Posted by: Sobiesky || 01/30/2005 00:00:00 AM || Comments || Link || E-Mail|| [5 views] Top|| File under:

#1  Seems they have to shift operations elsewhere.To hot for them in Iraq.
Posted by: crazyhorse || 01/30/2005 8:12 Comments || Top||

#2  “Returnees from Fallujah.”

LOL! Are they a bit pissed 'cos folks kept asking them to jog their memory as to who trounced who in the famous Battle of Fallujah. LOSERS!
Posted by: Bulldog || 01/30/2005 8:19 Comments || Top||

#3  It was a famous battle! I myself saw parts of it and fired a mighty RP-7 at the infidel! I will be loved in my village.
Posted by: abu Quick Ali || 01/30/2005 14:20 Comments || Top||


International-UN-NGOs
Kojo Annon Coughs Up Truth About Dirty Oil Dealings
THE son of the United Nations secretary-general has admitted he was involved in negotiations to sell millions of barrels of Iraqi oil under the auspices of Saddam Hussein. Kojo Annan has told a close friend he became involved in negotiations to sell 2m barrels of Iraqi oil to a Moroccan company in 2001. He is understood to be co-operating with UN investigators probing the discredited oil for food programme.
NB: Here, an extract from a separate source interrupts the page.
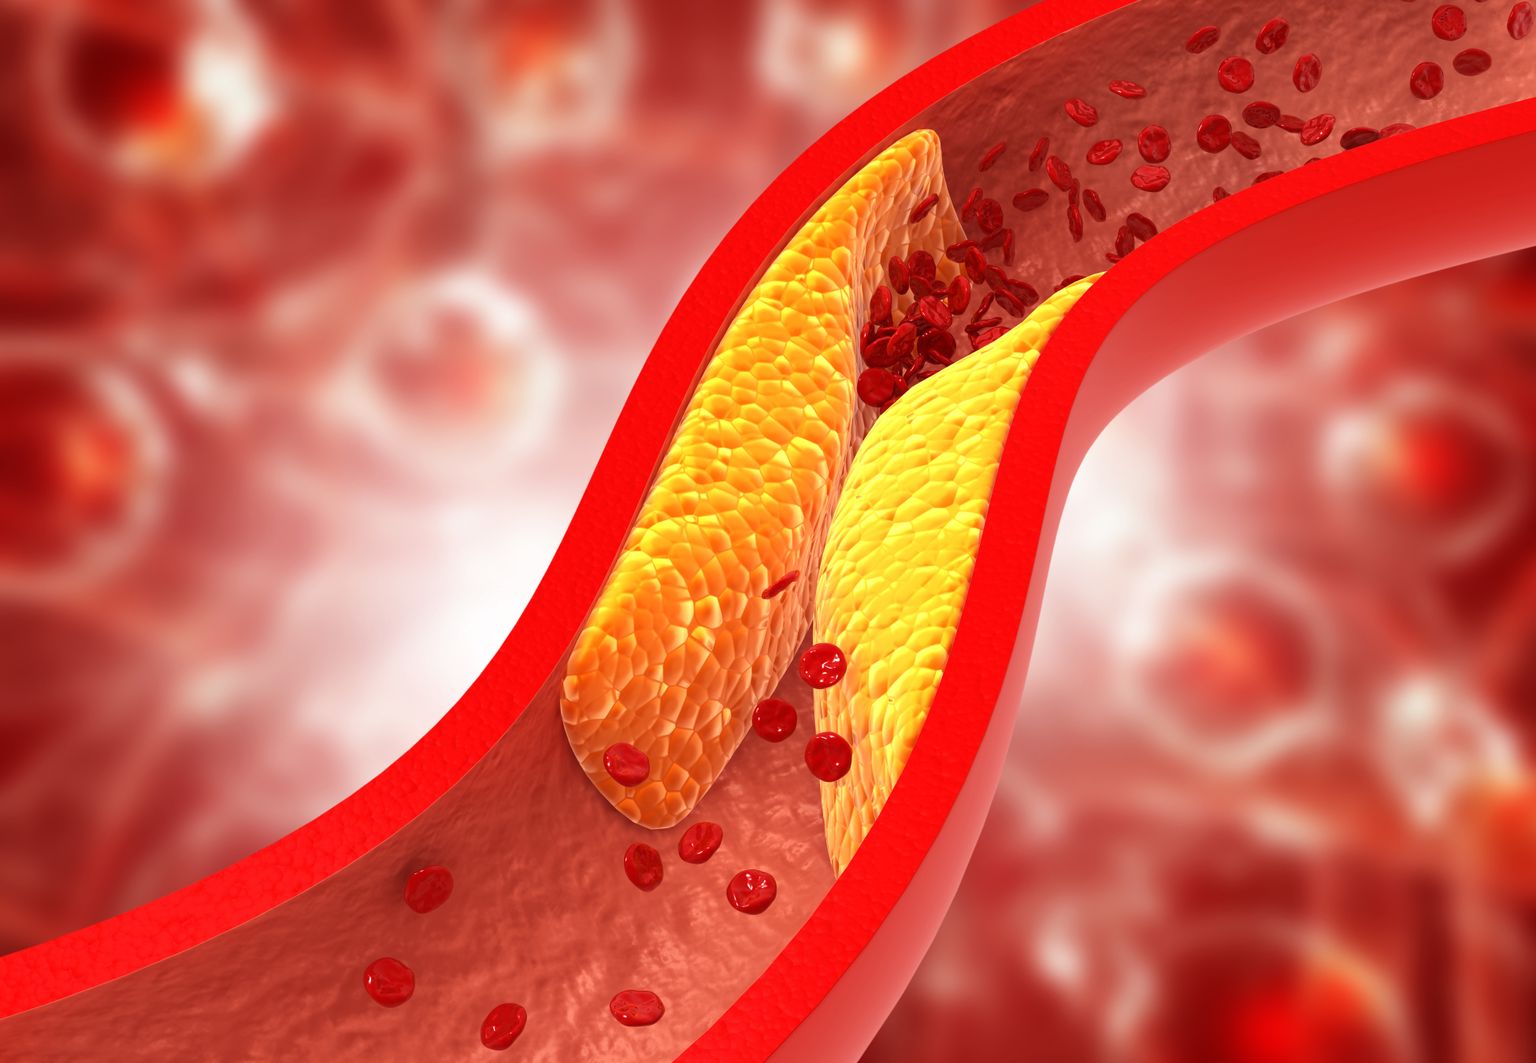 Высокий уровень LDL- или «плохого» холестерина является одним из основных факторов риска инфаркта миокарда и инсульта.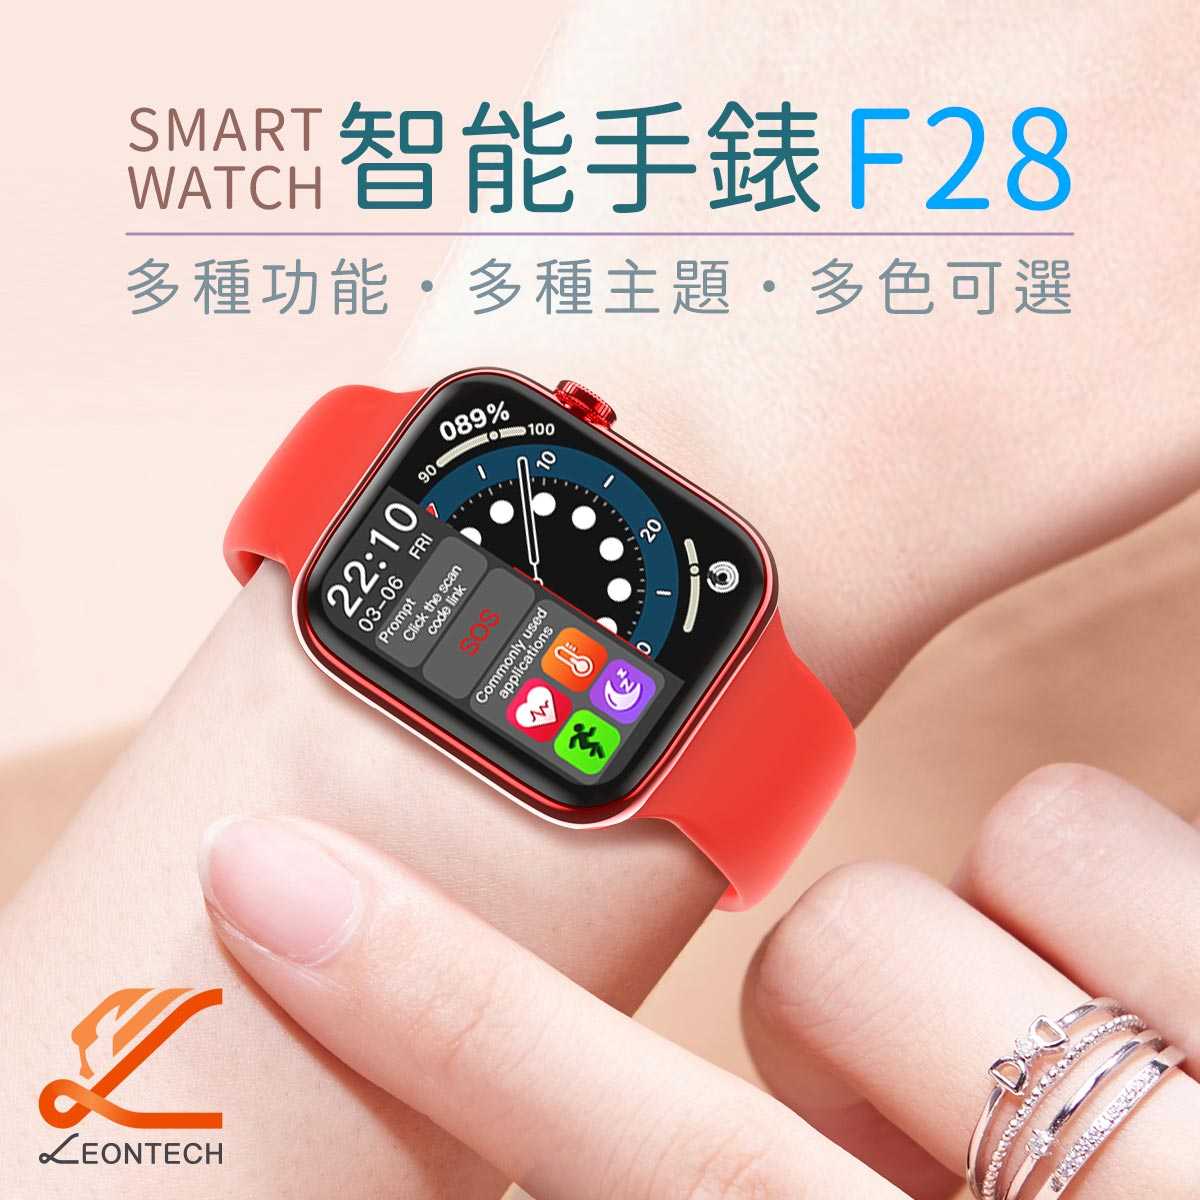 SMART F28智慧手錶 多種運動模式 健康數據 螢幕分割顯示

The alleged admission will increase pressure on Kofi Annan, the UN secretary general, who is already facing calls for his resignation over the management of the humanitarian programme. The oil for food programme allowed Saddam to sell oil to buy humanitarian supplies under UN supervision. However, it has emerged that the programme was riddled with corruption as Saddam used it to buy influence around the world. Several senior UN staff are alleged to have profited from the scheme, and the apparent connection between Kojo and the programme has become the subject of intense international scrutiny. Critics claim that Kofi faces a significant conflict of interest if Kojo sought to profit from the discredited scheme. Initially it emerged that Cotecna, the company awarded the contract to monitor humanitarian supplies imported into Iraq, had previously employed Kojo and paid him fees throughout the term of the oil for food programme. However, a friend of Kojo's said: "He has explained to the investigators that his only involvement with Cotecna was in Nigeria and that he knew nothing about the deal in Iraq. He is looking forward to the investigation report being published so that he will be exonerated on this point."
Posted by: Duke Nukem || 01/30/2005 00:00:00 AM || Comments || Link || E-Mail|| [7 views] Top|| File under:

#1  Snicker. Is this the only link you have Duke? The Times?
Posted by: Shipman || 01/30/2005 7:07 Comments || Top||

#2  I really, really liked the oil business; all that money, but I feel like I am accomplishing something by holding conferences and by being better than the USA and all those red-staters in jesusland.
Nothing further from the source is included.